“Hi Santa
I love you”
– anonymous, in a letter to Santa
“I would say that PISD has been the best district I have worked at. The emotional intelligence of the people who work for the district – they have their heart in the right place and that’s trying to educate the children they serve. I think that for the most part all campuses in our district do that. They really focus on each individual child.”
– Mario Acosta, former Parmer Lane Elementary principal after the announcement he will assume a position with Texas Education Agency
“I love books and I love to talk to people, so I thought this would be a great job. I just like to read. I like to read and I like to talk, and I have a lot of energy.”
– Beth Lee, owner of the recently opened The Book Box store
“Our main goal is that all high schools will truly prepare students for future college and career opportunities. We can do that with three high schools or four high schools. Although we may be delaying the opening of a fourth high school, we will continue our efforts to expand programs at our existing high schools so that every high school in PISD is an educational environment in which students want to learn and prepare for the future.”
– Mark Kincaid, executive director of College and Career Readiness for Pflugerville ISD, on the delayed opening of High School Four
“Today no detail is forgotten in the effort to reenact the 19th Century ball. The 22-member Texas Cowboys’ Christmas Ball Association, which sponsors the dance and owns Pioneer Hall, strives each year to create a setting that transports guests back to the frontier days from the moment they enter Pioneer Hall.
“Men bow and women curtsy. The hall is decorated with quilts and cedar boughs. Association members don matching outfits with the men in black vests and cowboy attire, and the women in Victorian blouses and taffeta skirts over hoop petticoats. There is a strict no-jeans policy for women, and men are still required to check their hats, spurs and guns at the door.”
– U.S. Sen. John Cornyn on the 75th anniversary of “The Cowboys’ Christmas Ball”frontier dance in Anson, Texas
“The federal government continues to compromise the safety and security of our country, and is adding insult to injury by leaving the cost of incarcerating criminal aliens who have infiltrated a border Washington has failed to secure on the backs of our state and local communities.”
– Gov. Rick Perry Dec. 11 on the federal government’s proposed slashing of funding from the State Criminal Alien Assistance Program, which helps states cover the costs of incarcerating illegal aliens who have committed crimes in the U.S.

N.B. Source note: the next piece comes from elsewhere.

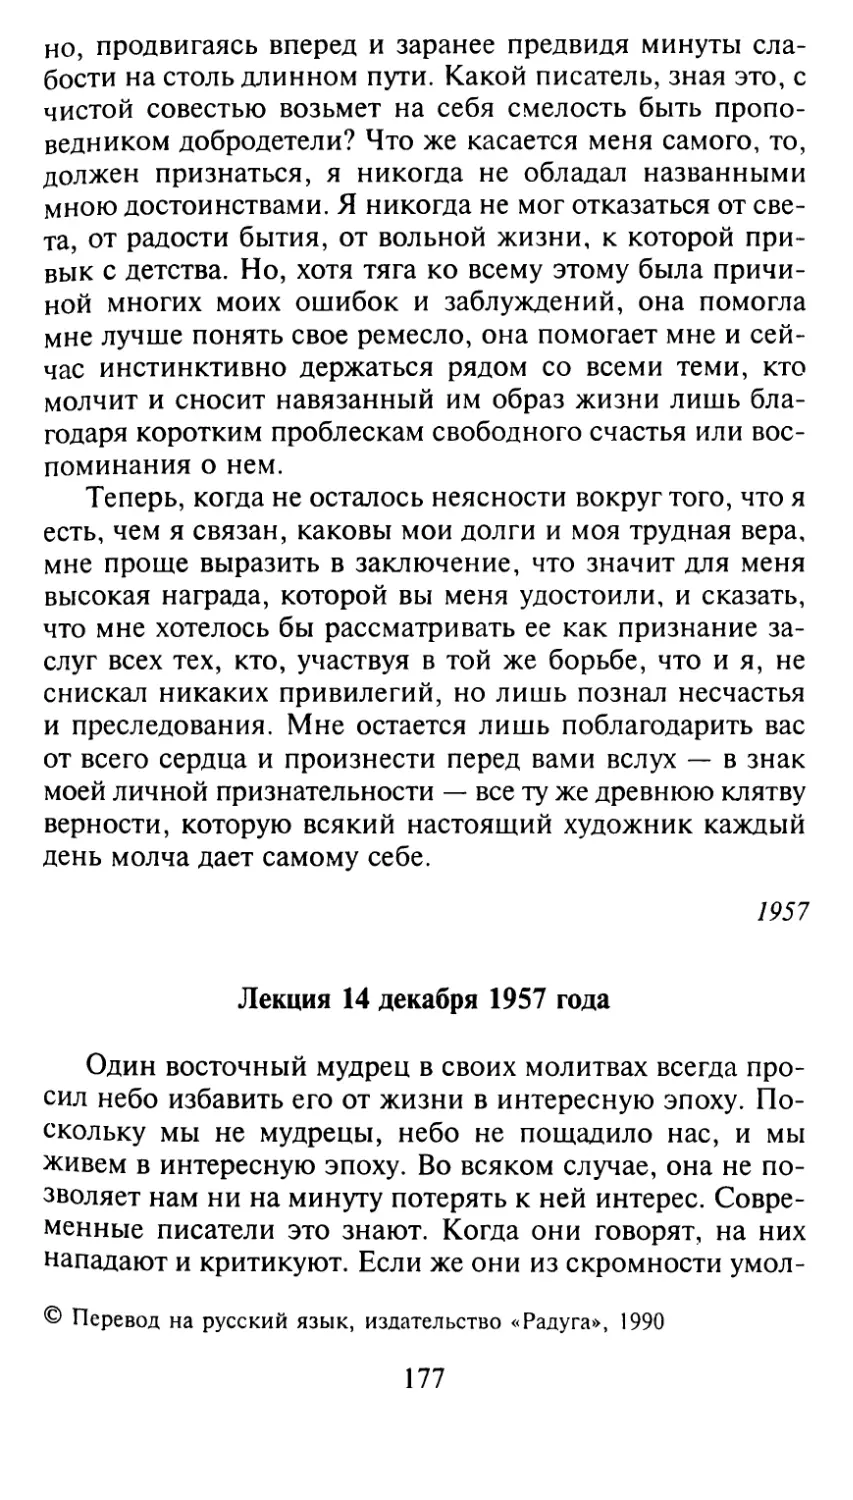 Лекция 14 декабря 1957 года. Перевела И. Кузнецова

“One in eight women will be diagnosed with breast cancer in their lifetime, and one in five of those diagnoses will be made in women between the ages of 40 and 49. We are gathering here to make it clear to the women of Texas that annual mammograms for anyone over 40 are, and will continue to be, important tools in the battle against this disease.”
– Texas First Lady Anita Perry Dec. 7 as she was joined by breast cancer survivors, health care advocates and medical providers to emphasize the importance of routine screening mammograms for women over the age of 40.
“Unemployment is still an issue for too many families, but our state will keep working to cultivate a job-friendly business climate until every Texan who wants a job can have one.”
– Gov. Rick Perry on Dec. 18 on the state’s November unemployment rate of 8.0 percent, a decrease from 8.3 percent in October
“Moving suspected terrorists from Guantanamo to the United States is a disastrous decision by the President that defies the will of Congress and the American people. This is yet another step back to the pre-9/11 mindset that treated terrorism as only a matter for the federal criminal justice system. But we know that the attacks of September 11, 2001 were acts of war. The fact that there was a major terrorist attack on our own soil just weeks ago – at Fort Hood, in my own state of Texas – reminds us that we are still a nation at war.
“The administration has already fully embraced both of the policies for which Guantanamo was criticized around the world – indefinite preventive detention, and the military commissions. I don’t see what possible good it can do to close Guantanamo and let the accused terrorists back into countries that will allow them to have free reign.
“Conferring the rights and privileges of U.S. citizens on terrorists who do not deserve them is a reckless decision. It will put at risk their value as sources of intelligence, and the national security information we have about them. It will give them a chance to spread their ideology of hate among our domestic prison population, pose unnecessary dangers for local law enforcement, and raise the added risk of judicial release or even escape.”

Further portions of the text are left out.